Prävention: Helicobacter-Screening, NSAR-Sparsamkeit. Regelmäßige Koloskopien ab 50 reduzieren karzinombedingte Blutungen um 60 Prozent.
Vermeiden Sie Panik, aber handeln Sie entschlossen.
Häufige Fragen zu Darmblutungen
Wie lange dauert eine Darmblutung?
Variabel: Akute stoppen spontan in 70 Prozent innerhalb 24-48 Stunden, massive erfordern Intervention. Chronische sickern monatelang, bis Anämie symptomatisch. Eine DGVS-Umfrage 2023 zeigt mediane Dauer von 12 Stunden bei stabilen Fällen.
Wann ist eine Darmblutung lebensbedrohlich?
Bei Hämoglobin <7 g/dl, Schockzeichen oder kontinuierlichem Verlust >200 ml/h. Rockall-Score >6 prognostiziert 25 Prozent Mortalität. Komorbiditäten wie Herzinsuffizienz vervielfachen das Risiko.
Kann man eine Darmblutung selbst behandeln?
Nein – selbst bei milden Formen Risiko interner Verschlechterung. Hausmittel wie Tee verschlechtern. Sofortprofessionelle Hilfe essenziell.
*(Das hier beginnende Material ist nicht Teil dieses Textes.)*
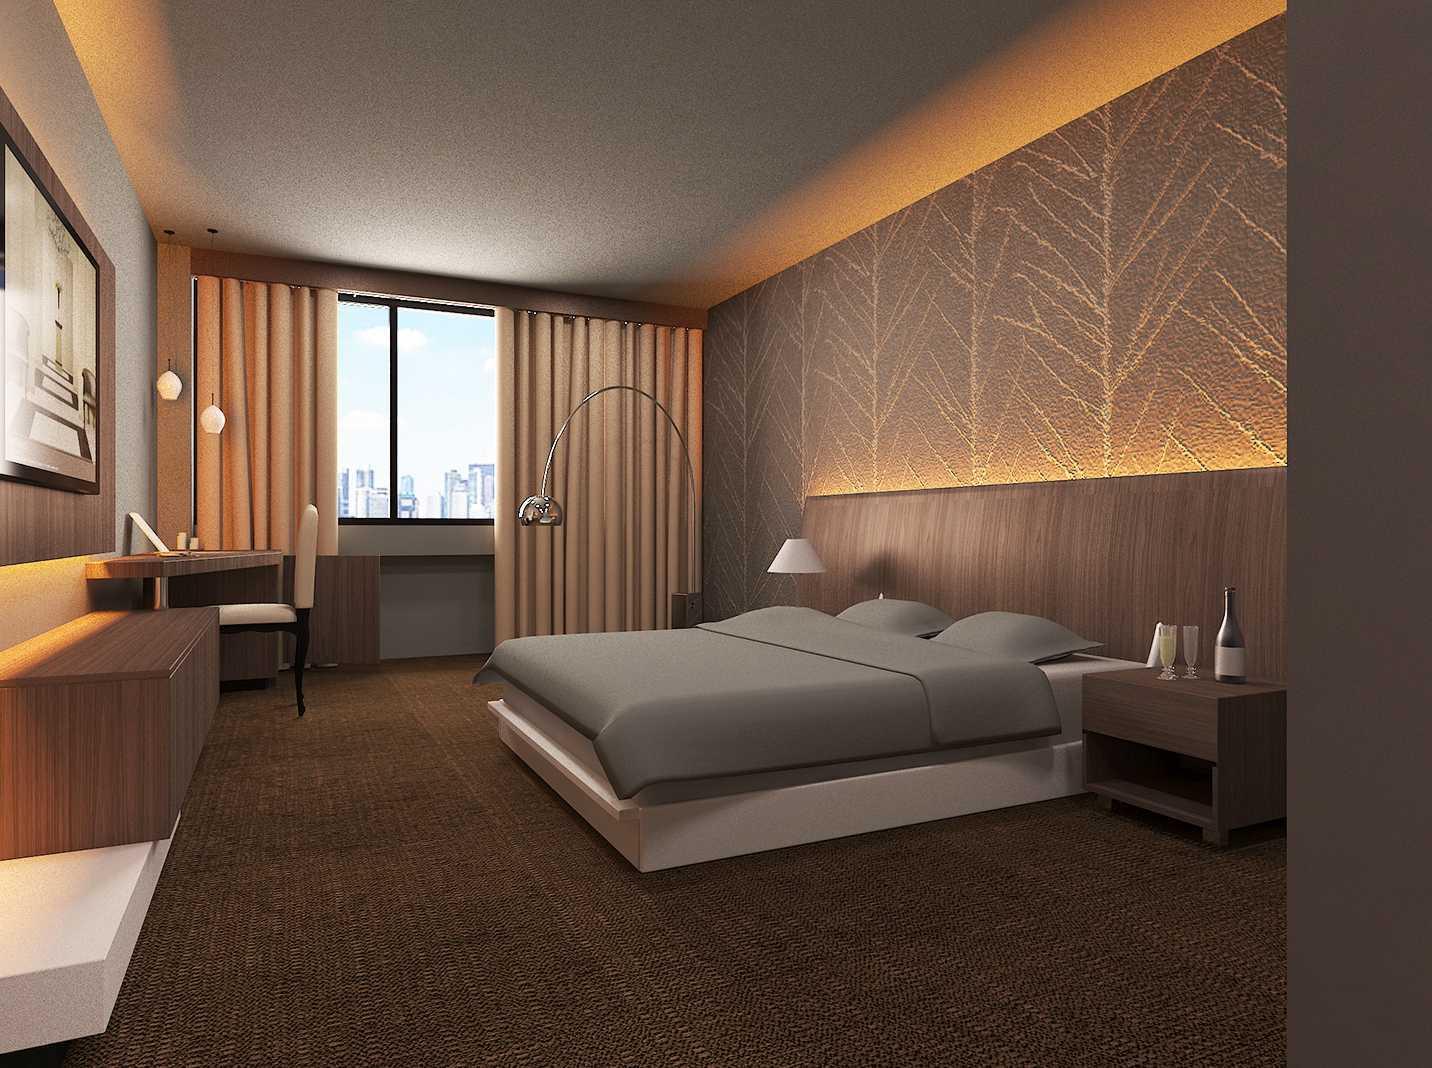 Snada Interior Desain Interior Unit Kamar Hotel Perth, Ausie Perth Australia Barat, Australia Perth Australia Barat, Australia Snada-Interior-Desain-Interior-Unit-Kamar-Hotel-Perth-Ausie  101689
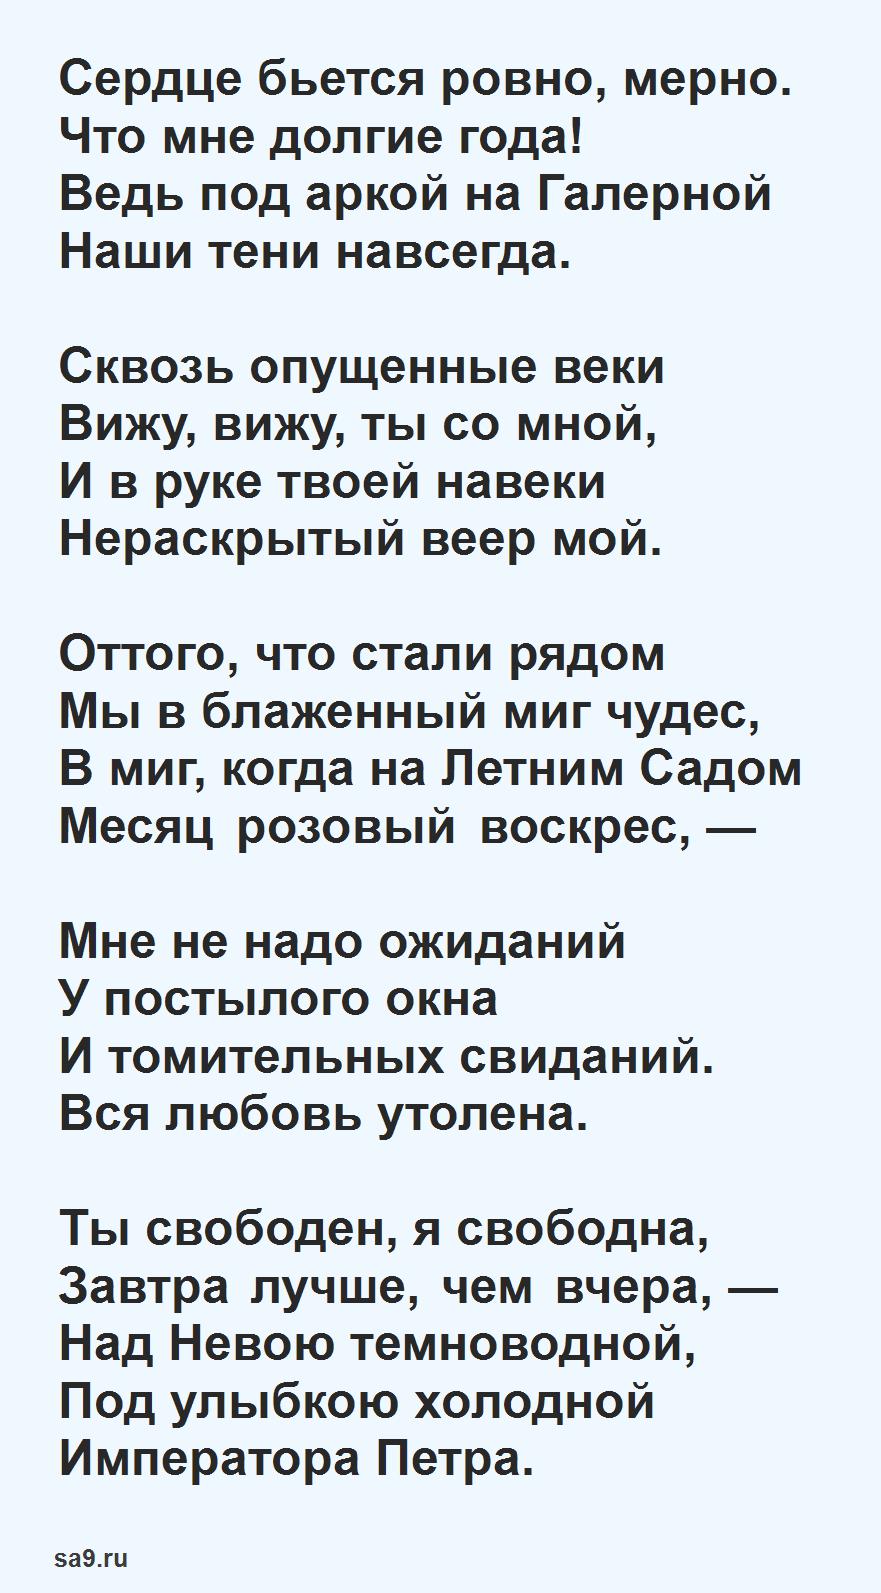 Стихи Ахматовой о любви - Сердце бьется ровно, мерно

Prognose und Langzeitrisiken einer Darmblutung
Mortalität gesamt 5-10 Prozent, abhängig von Alter (>80 Jahre: 20 Prozent). Reblutung in 10-20 Prozent innerhalb 30 Tagen. Langzeit: 15 Prozent entwickeln chronische Anämie, 5 Prozent Rezidivkarzinome. Eine Follow-up-Studie (Gastroenterology 2021) mit 5000 Patienten belegt: PPI-Therapie senkt 1-Jahres-Rezidiv um 40 Prozent. Ältere Patienten haben 2,5-fach höheres Risiko durch Polypharmazie.
Positive Prognose bei früher Intervention: 90 Prozent überleben asymptomatisch.
Die entscheidenden Faktoren: Schnelligkeit und Ursachenbeseitigung.
Eine Darmblutung zu wie gefährlich ist eine Darmblutung bewerten hängt von individuellen Parametern ab, doch die Fakten sprechen klar: Ignoranz tötet schneller als die Blutung selbst. Frühe Diagnostik via Endoskopie rettet in 90 Prozent der Fälle Leben und vermeidet Komplikationen wie Multiorganversagen. Prävention durch Lebensstil und Screenings reduziert Inzidenz um bis zu 50 Prozent. Bleiben Sie wachsam – ein simpler Stuhltest kann entscheiden. Bei Symptomen: Zögern Sie nicht, handeln Sie.